Peptidyl Bond: A covalent bond that links an amino acid to another molecule, such as another amino acid or a tRNA molecule.
Ester Bond: A covalent bond between an oxygen atom and a carbon atom.
Hydrophobic Interaction: A weak interaction between nonpolar molecules due to the exclusion of water molecules.
Olefinic Bond: A covalent bond that involves a carbon-carbon double bond.
Carboxylate Bond: A covalent bond between a carboxyl group and another molecule, often found in organic acids.

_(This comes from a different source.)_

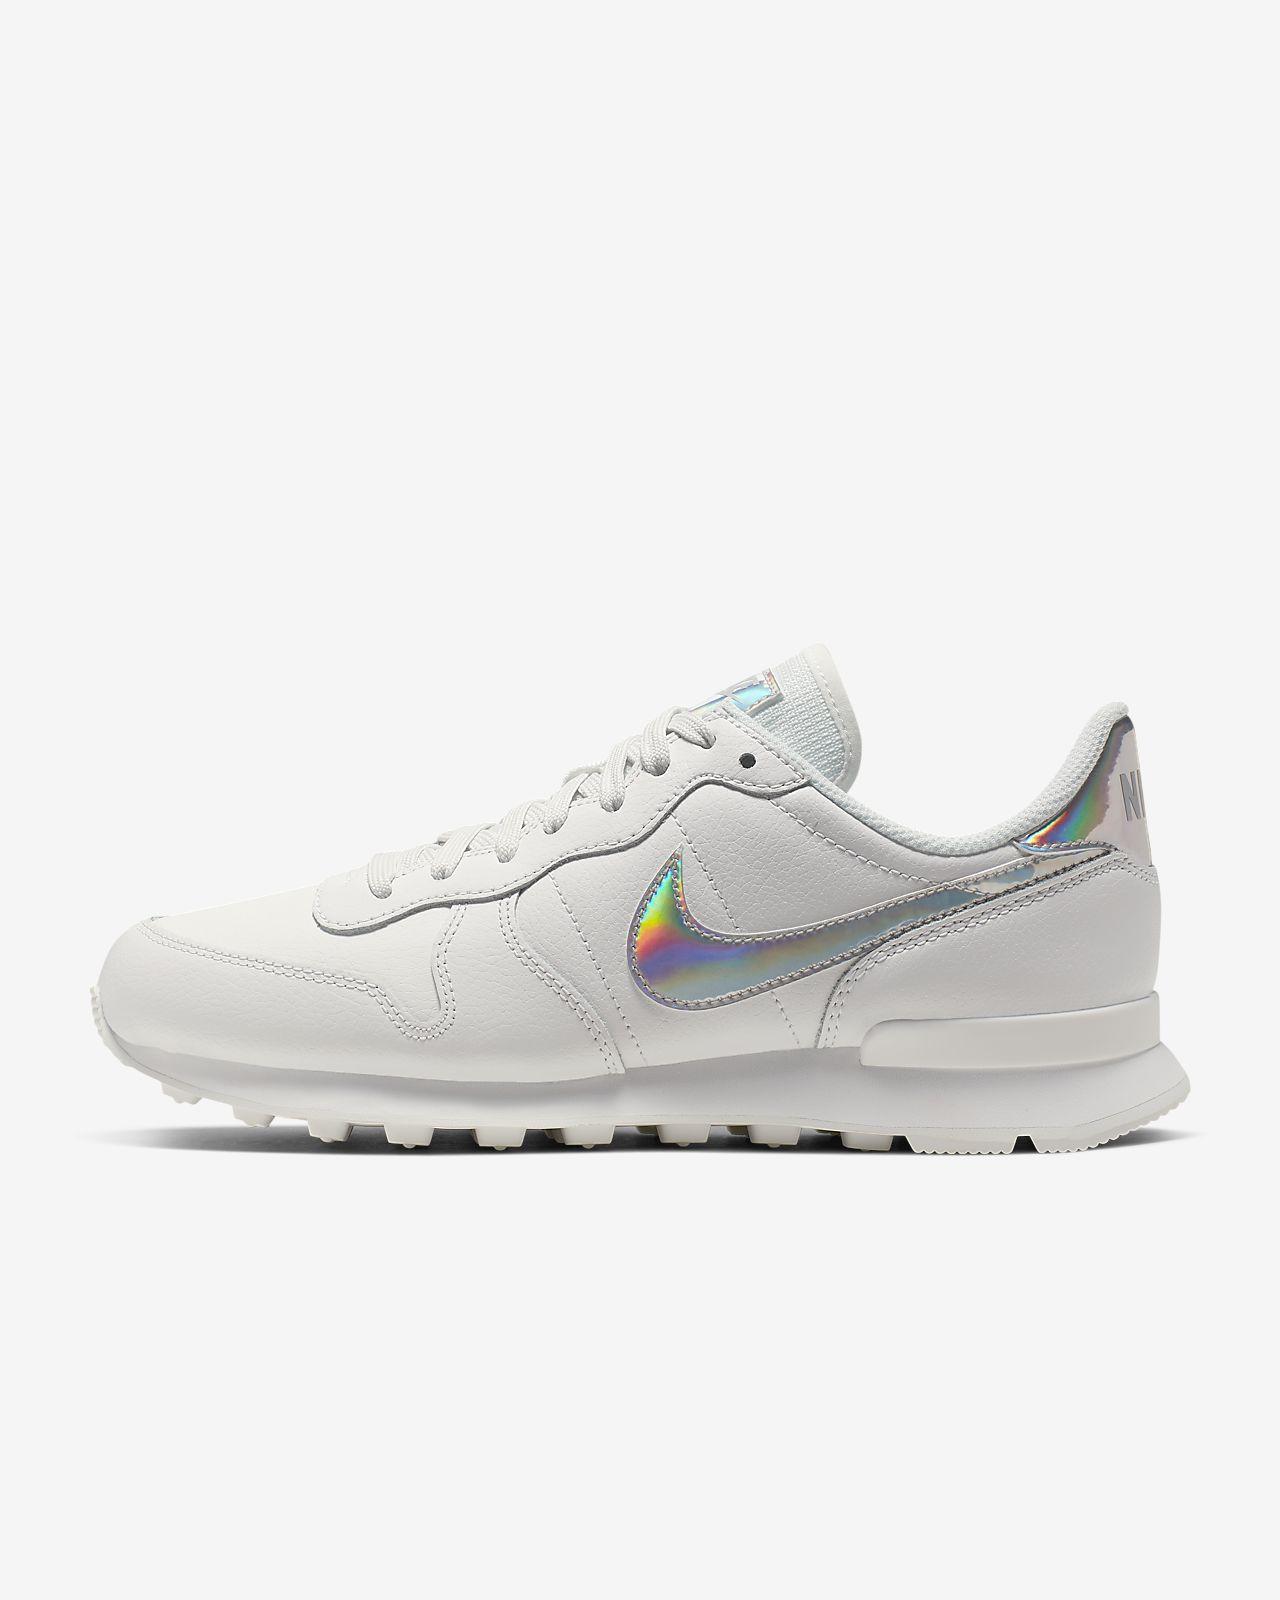 Chaussures Nike de Femme Internationalist brun | nike

Nucleoside Bond: A covalent bond that links a nucleotide to another molecule, such as another nucleotide or a ribose sugar.
Epoxy Bond: A covalent bond that involves a three-membered ring, often found in epoxides or polymers.
Peptide-Link Glycosidic Bond: A covalent bond that links two carbohydrates together to form a more complex molecule.
Ether Bond: A covalent bond between an oxygen atom and two carbon atoms, often found in organic compounds.
Amide Bond: A covalent bond between a carbonyl group and an amino group, often found in peptides and proteins.
"The bond may result from the electrostatic force between oppositely charged ions as in ionic bonds."
"The bond may result from...the sharing of electrons as in covalent bonds."
"There are 'strong bonds' or 'primary bonds' such as covalent, ionic and metallic bonds."
"There are 'weak bonds' or 'secondary bonds' such as dipole-dipole interactions, the London dispersion force, and hydrogen bonding."
"The negatively charged electrons surrounding the nucleus and the positively charged protons within a nucleus attract each other."
"Electrons shared between two nuclei will be attracted to both of them."
"Constructive quantum mechanical wavefunction interference stabilizes the paired nuclei."
"Bonded nuclei maintain an optimal distance (the bond distance) balancing attractive and repulsive effects explained quantitatively by quantum theory."
"The atoms in molecules, crystals, metals, and other forms of matter are held together by chemical bonds."
"All bonds can be described by quantum theory, but, in practice, simplified rules and other theories allow chemists to predict the strength, directionality, and polarity of bonds."
"The octet rule and VSEPR theory are examples."
"More sophisticated theories are valence bond theory, which includes orbital hybridization and resonance."
"More sophisticated theories...include molecular orbital theory, which includes the linear combination of atomic orbitals and ligand field theory."
"Electrostatics are used to describe bond polarities and the effects they have on chemical substances."
"The strength of chemical bonds varies considerably."
"The octet rule is an example [of a theory] that allows chemists to predict the strength, directionality, and polarity of bonds."
"The VSEPR theory is an example [of a theory] that allows chemists to predict the strength, directionality, and polarity of bonds."
"Orbital hybridization is a component of valence bond theory."
"Ligand field theory is a component of molecular orbital theory."